Not just reading — your agent can click buttons, fill forms, select options, manage tabs, and navigate across pages. 13 tools cover the full browsing workflow:

`get_page_map` · `execute_action` · `fill_form` · `scroll_page` · `wait_for` · `take_screenshot` · `get_page_state` · `navigate_back` · `batch_get_page_map` · `open_tab` · `switch_tab` · `list_tabs` · `close_tab`

### 16 Page Types, Auto-Detected

PageMap automatically classifies pages and applies optimized extraction for each type:

`product_detail` · `listing` · `search_results` · `article` · `news` · `video` · `login` · `form` · `checkout` · `dashboard` · `help_faq` · `settings` · `error` · `documentation` · `landing` · `blocked`

### E-Commerce Deep Coverage

Built-in support for **30+ major e-commerce sites** across 4 tiers:

- **Global mega-platforms** — Amazon, eBay, AliExpress, SHEIN, Walmart, Rakuten
- **Global fashion** — Zara, H&M, Nike, Uniqlo, ASOS, Zalando, SSENSE, Farfetch, COS
- **Korea** — Coupang, Naver Shopping, Musinsa, 29CM, W Concept, SSG, 11st
- **Japan/China** — ZOZO, Tmall, JD.com, Taobao

Structured extraction of prices, options (size/color), ratings, availability — with automatic cookie consent handling and login barrier detection.

### Smart Recovery

PageMap detects problems and tells your agent what to do:

- **Barrier detection** — Login required? Bot blocked? Out of stock? Age verification? Popup overlay? PageMap adds a `barrier` field with the diagnosis and suggested next steps
- **Cookie consent auto-dismiss** — 7 CMP providers auto-detected (Cookiebot, OneTrust, TrustArc, Didomi, Quantcast, Usercentrics, generic fallback). 5-tier dismiss cascade: CMP JS API → Reject → Accept → Dismiss → Close symbol. GDPR reject-first default policy
- **Popup overlay detection** — AX tree `role="dialog"` + HTML regex 2-phase detection. Promotional popups (newsletter, exit-intent) auto-dismissed
- **Bot detection awareness** — Detects Cloudflare, Turnstile, reCAPTCHA, hCaptcha, and Akamai. Reports the provider and suggests wait/retry strategies
- **Stale ref recovery** — When DOM changes invalidate refs, PageMap returns clear guidance to re-fetch

### Content Intelligence

- **8 JSON-LD schemas** — Product, NewsArticle, VideoObject, FAQPage, Event, LocalBusiness, BreadcrumbList, and ItemList
- **Metadata extraction** — Prices, ratings, reviews, descriptions, images from structured data and DOM fallbacks
- **2-layer caching** — Cache hit (~10ms), content refresh (~500ms), full rebuild (~1.5s). Diff-based updates for unchanged sections
- **Delta evidence packet output** - Optional `to_delta_packet()` serializer emits digest-bound evidence units, claim candidates, provenance, and authority flags for downstream memory/review systems without changing the default MCP output

### 10 Languages

Locale auto-detected from URL. Token budgets adjusted for CJK scripts.

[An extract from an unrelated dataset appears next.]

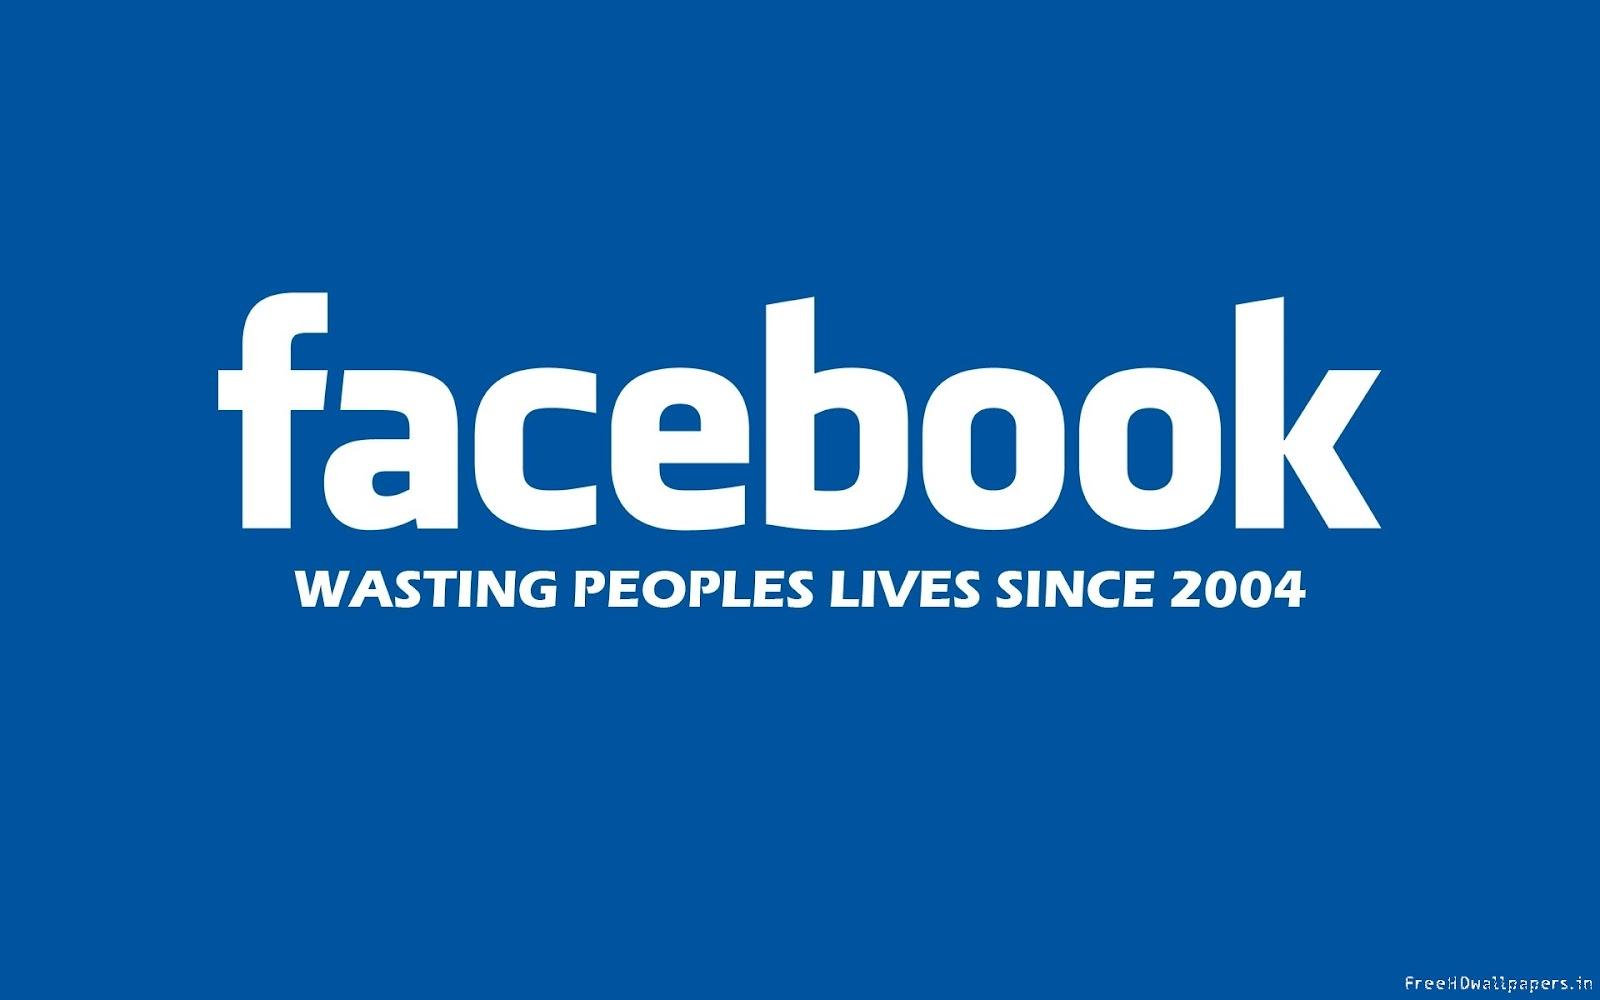 http://3.bp.blogspot.com/--pjtyV3os8Q/T5cE-yBFd-I/AAAAAAAAEYI/K4uBRo2xG88/s1600/facebook-logo-wallpaper-1920x1200.jpg
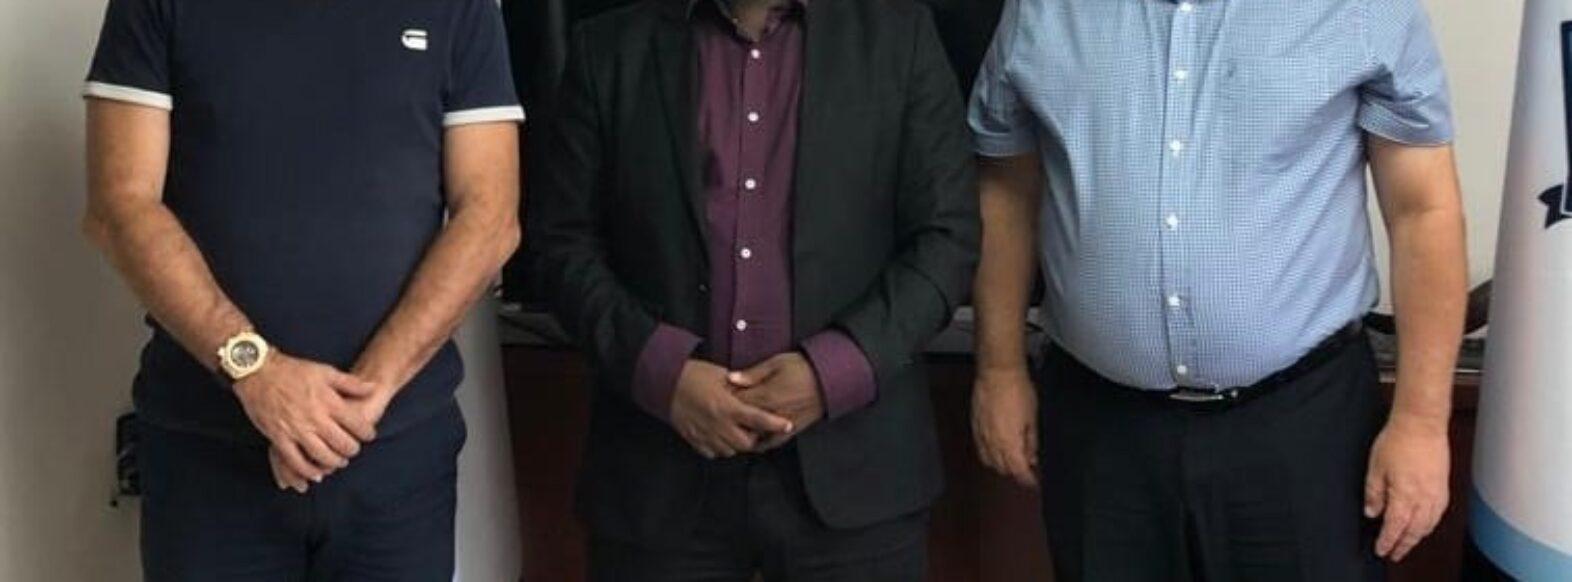 ראש עיריית קריית ביאליק,אלי דוקורסקי נכנס לבידוד

| Language | Locale | Language | Locale |
|----------|:------:|----------|:------:|
| English | `en` | Chinese | `zh` |
| Korean | `ko` | Spanish | `es` |
| Japanese | `ja` | Italian | `it` |
| French | `fr` | Portuguese | `pt` |
| German | `de` | Dutch | `nl` |

---

## Deployment

### Local (STDIO)

Default mode. Runs as a local MCP server — no server setup needed.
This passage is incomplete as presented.